Scripting updates to the GPT.ini for the Local Group Policy

by Jeremy Saunders on August 26, 2008

Updated on 27th October 2010.

I came across a challenge whilst working on a big XenApp deployment in a Novell environment. I needed to make changes to the Local Group Policy Object on all Terminal / Citrix servers. This was specifically required for implementation of a logoff script, as logoff scripts are not supported via Zen Polices in a Terminal Services environment.

As always, I wanted to automate it and found that there was a real lack of information about how this can be easily achieved. Anyway, I thought that modifying the Local Policy on all XenApp servers would be a pain, but it ended up being very simple indeed.

Admittedly, I could have just copied a new gpt.ini and scripts.ini into place, but then it would not have respected any previous changes and settings that had already been made to the gpt.ini. So this script checks existing configuration settings before making any changes to the gpt.ini file.

Enjoy!!

'------------------------------------------------------------------------------------------------------------
' This script is used to add Logon and Logoff scripts to a local Group Policy.

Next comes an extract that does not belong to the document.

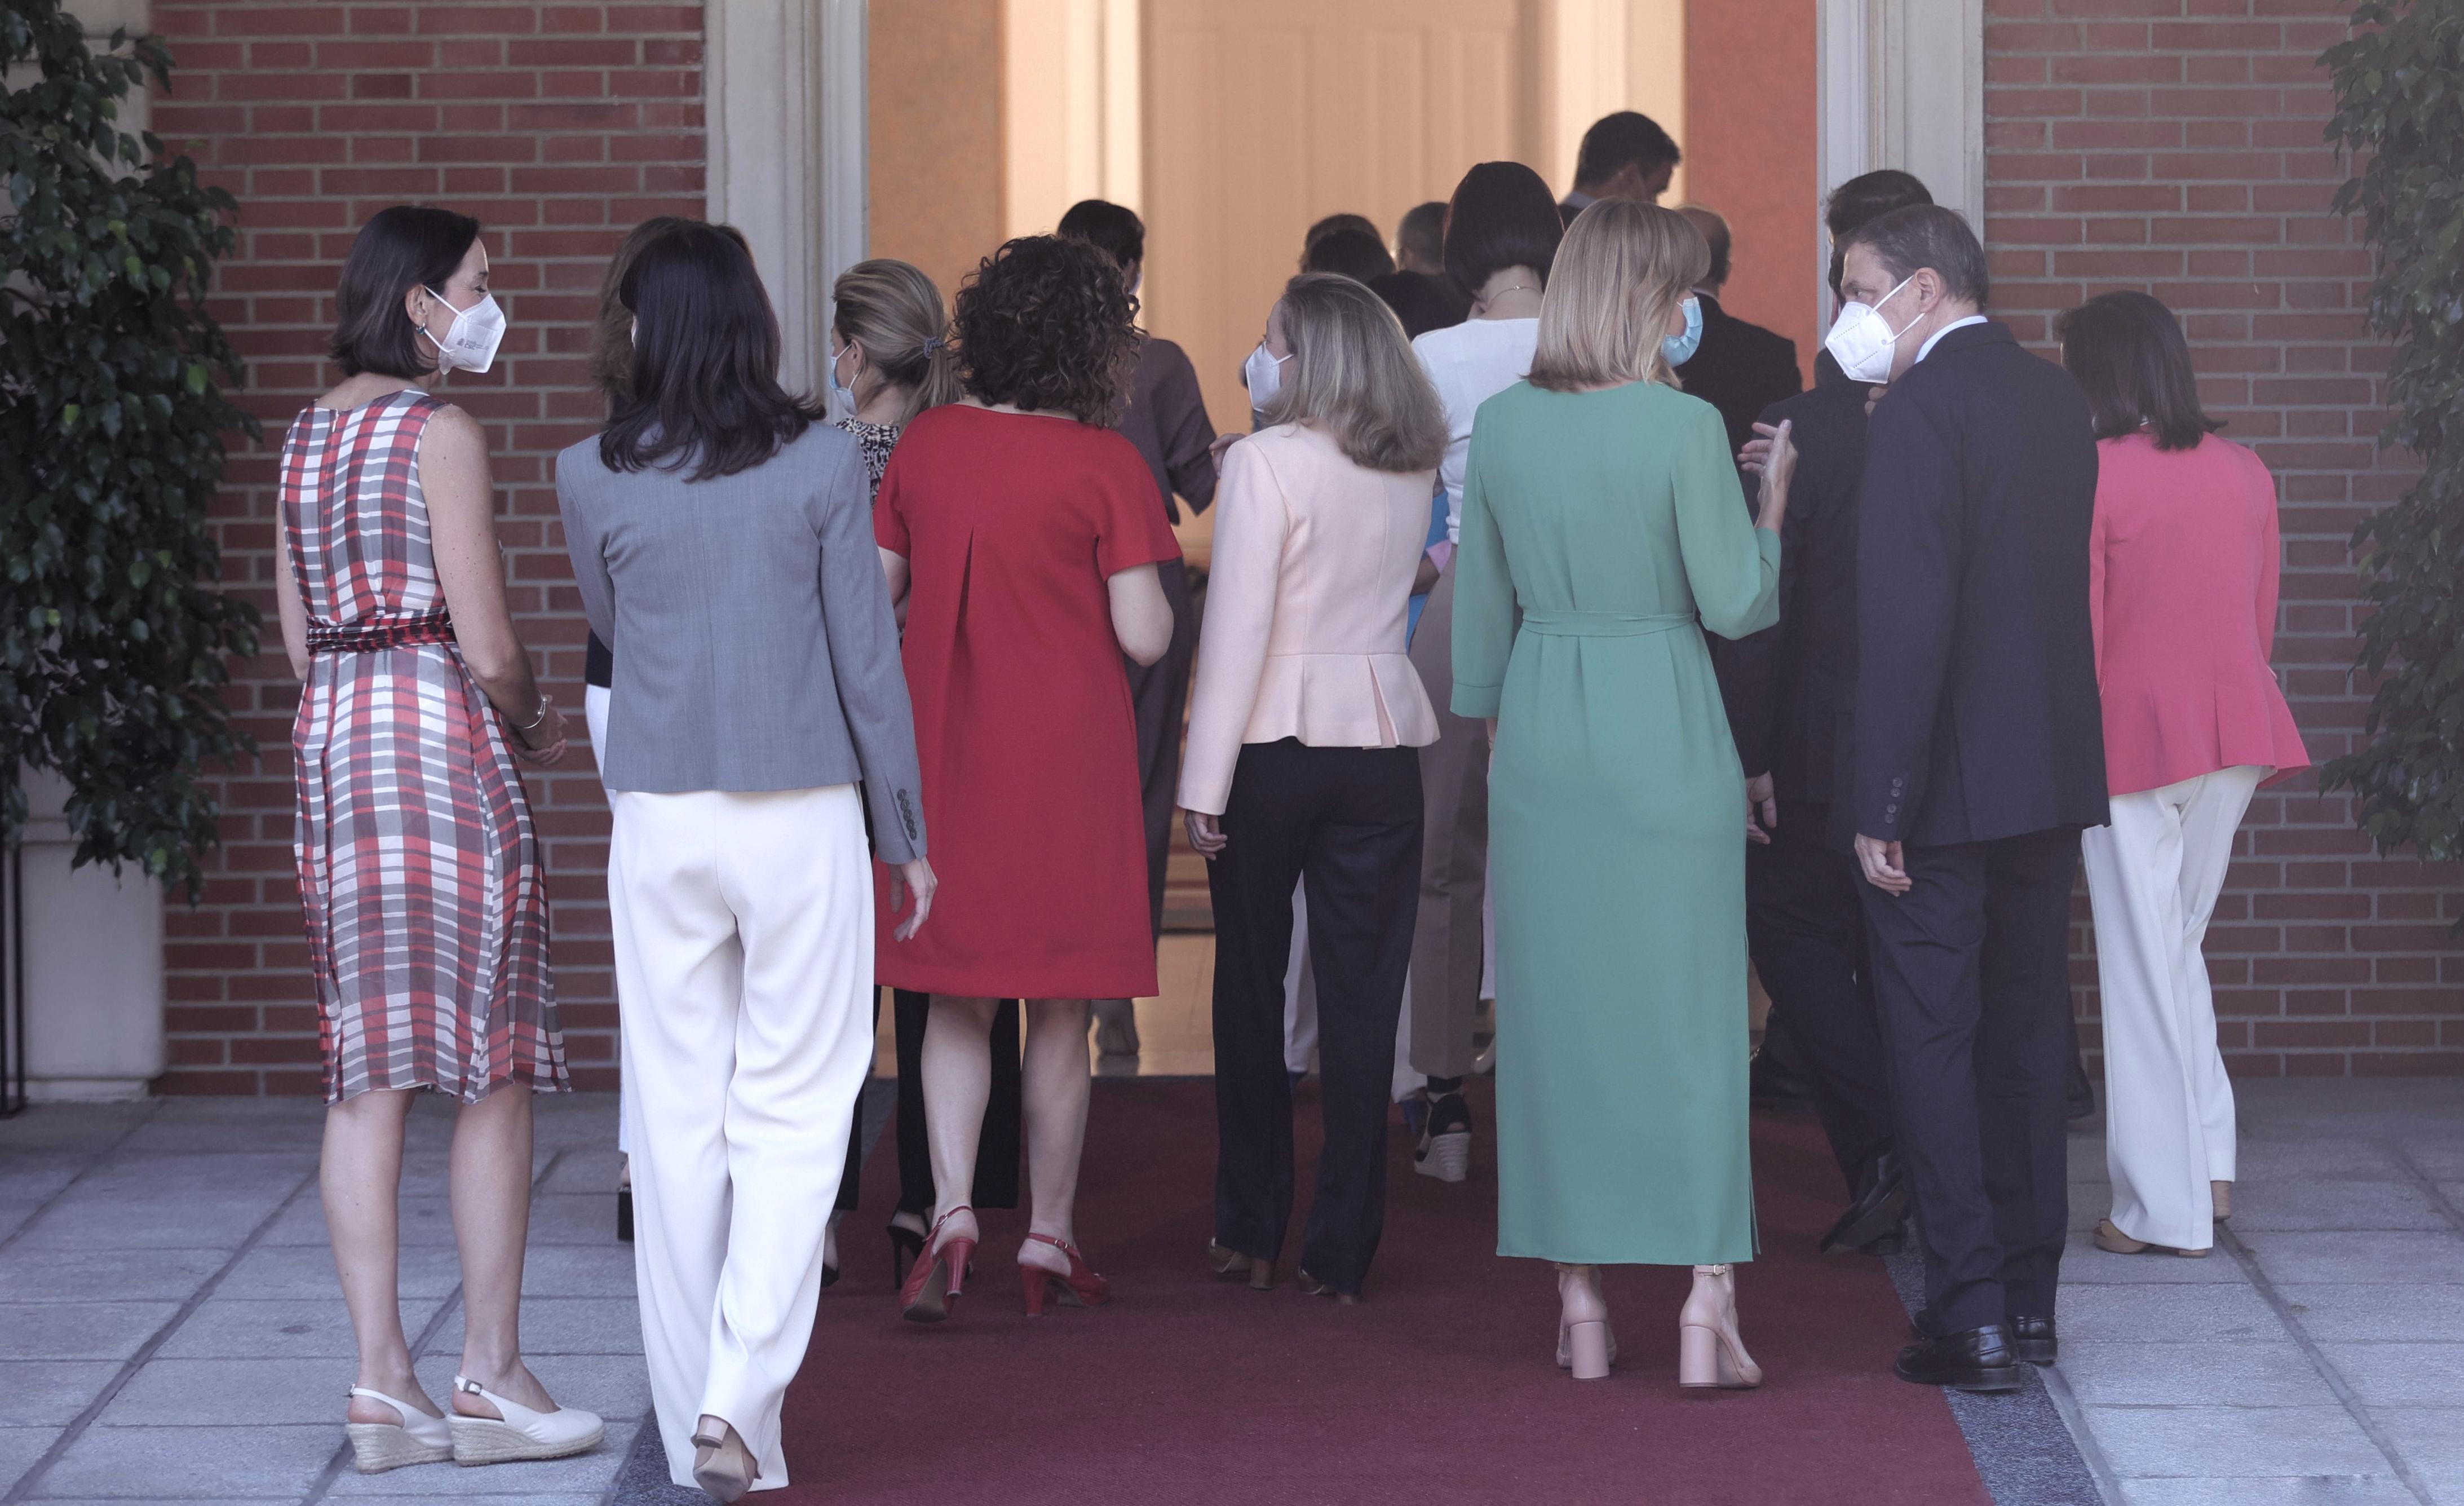 Tras posar para la foto de familia, todos los ministros entran al Palacio de la Moncloa, a donde han llegado para participar en el primer Consejo de Ministros tras la remodelación del Gobierno, a 13 de julio de 2021, en Madrid (España). Hoy se celebra el

' It modifies/creates the following two files needed to run logon and logoff scripts:
' - "%SystemRoot%\system32\GroupPolicy\gpt.ini"
' - "%SystemRoot%\system32\GroupPolicy\User\Scripts\scripts.ini"

' Notes:
'        - This script will modify the existing gpt.ini file, but overwrites an existing scripts.ini file.
'          It does NOT append or modify the scripts.ini file.
'        - This script does not copy the actual logon/logoff scripts into place.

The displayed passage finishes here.